Azerbaijani politician (1859–1929)

Jafargulu Khan Nakhchivanski (Cəfərqulu xan Naxçıvanski; Джафаркули-хан Нахичеванский; 5 February 1859 – 1929) was a Russian officer and later an Azerbaijani statesman. He was the brother of General-Adjutant Huseyn Khan Nakhchivanski and father of Major General Jamshid Nakhchivanski.

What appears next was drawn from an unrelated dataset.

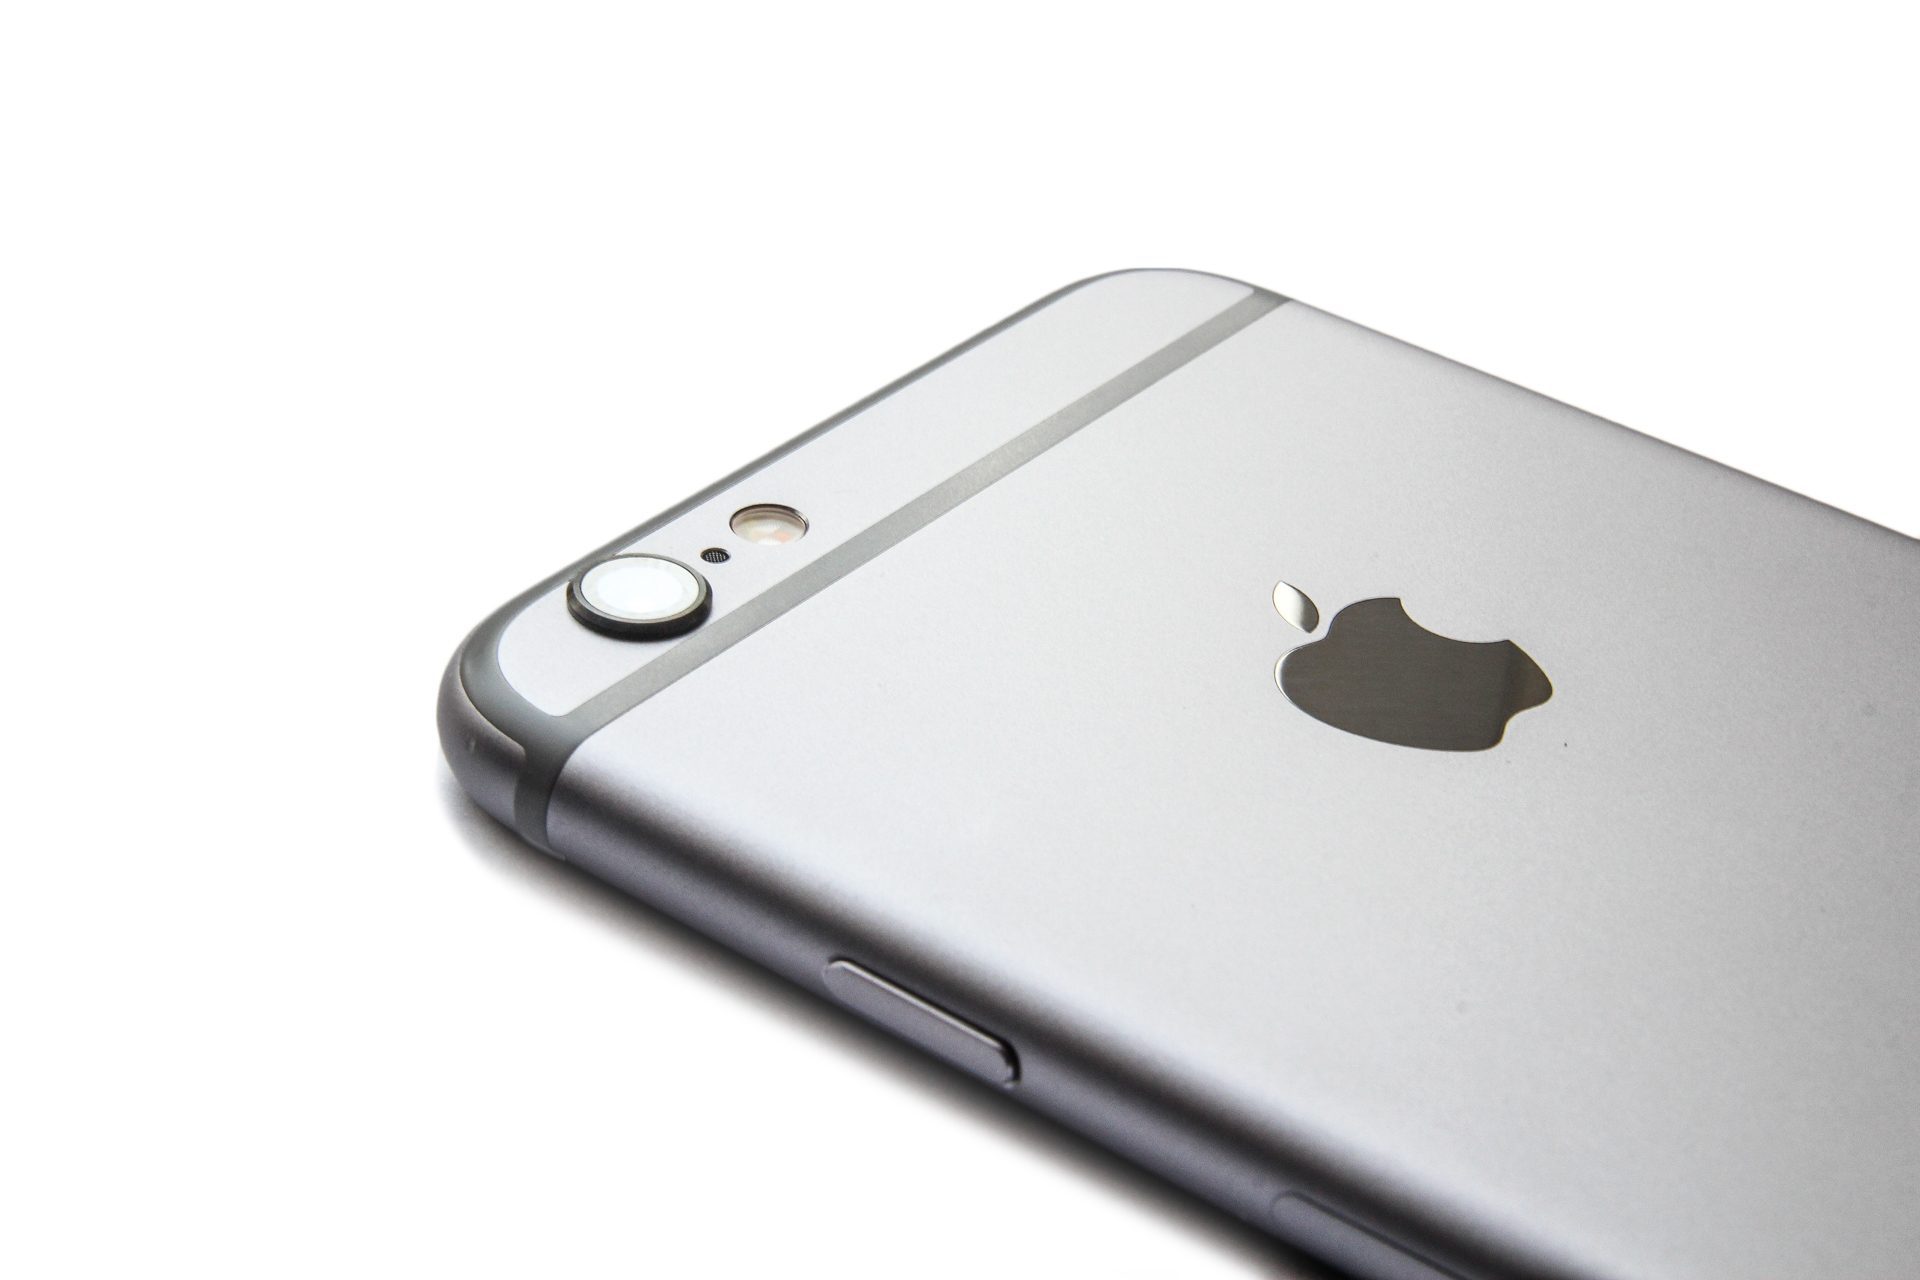 Kunstmatig Attent Vleien iPhone 6 kopen met abonnement, prijzen en aanbiedingen vergelijken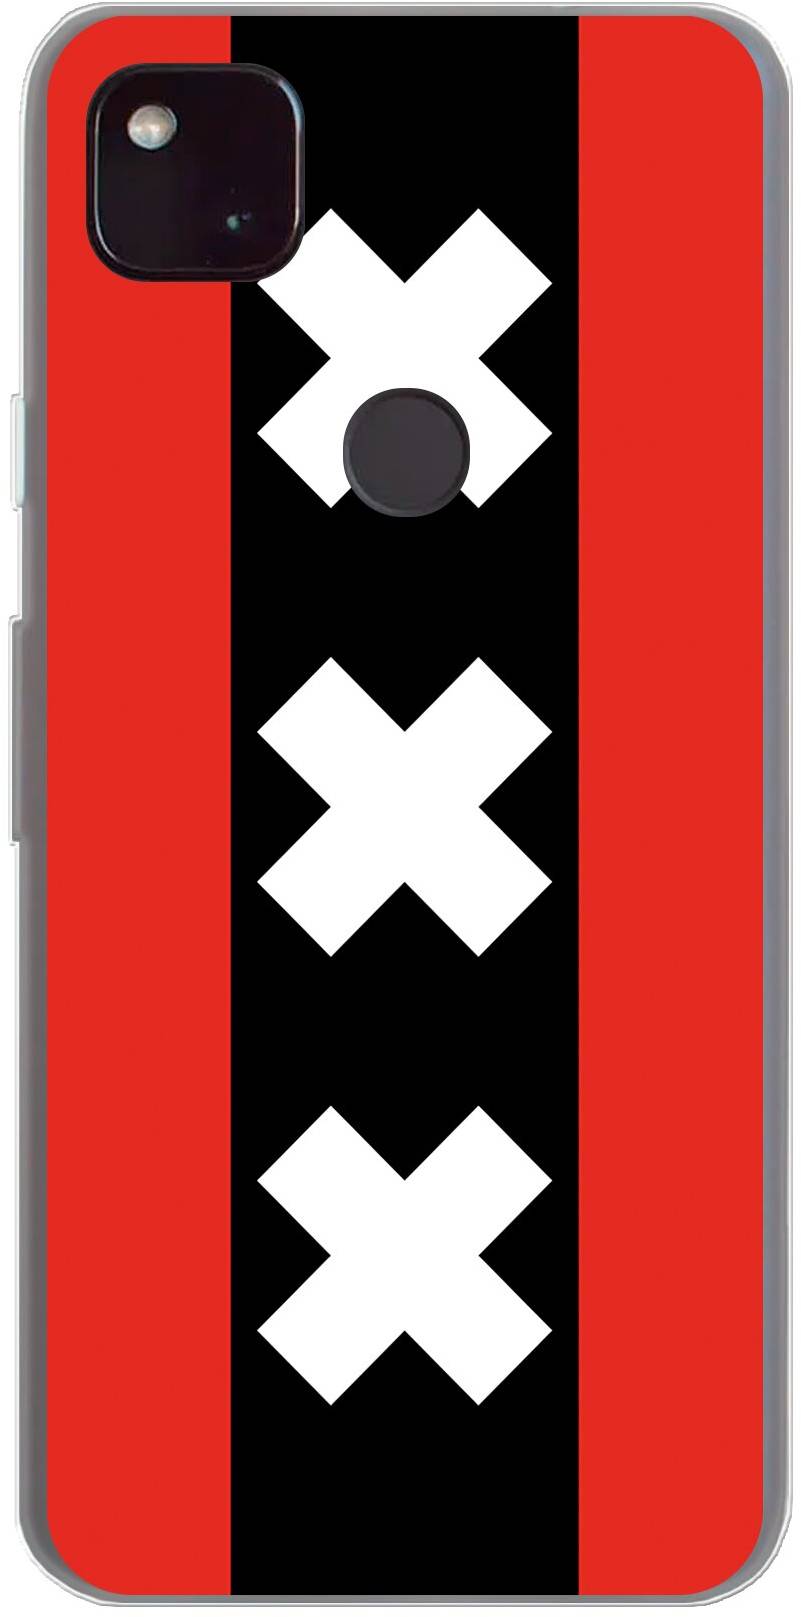 Amsterdamse vlag Pixel 4a 5G

==Early life and military career==
Jafargulu Khan was born into a princely family of Nakhchivanski, descending from the rulers of the Nakhchivan Khanate. His father was a Major General of the Russian Imperial army and his mother was the daughter of the khan of Maku. In 1867, young Jafargulu was signed up for the Page Corps. Upon graduating in 1877, he was promoted to cornet in Her Majesty's Uhlan Life Guard Regiment based in Peterhof. In April 1878, he was sent to a regiment stationed in the Caucasus and participated in the Russian occupation of Erzurum during the Russo-Turkish War (1877–1878). In the later years, he participated in Central Asian campaigns of the Russian army, after which he was promoted to Staff captain. For his participation in these military operations, he was awarded the Order of Saint Stanislaus (third degree, 1880), Order of Saint Vladimir (fourth degree, 1881) and Order of Saint Anne (third degree, 1882), as well as medals in commemoration of the Russo-Turkish War of 1877–1878 and for the siege of Geok Tepe.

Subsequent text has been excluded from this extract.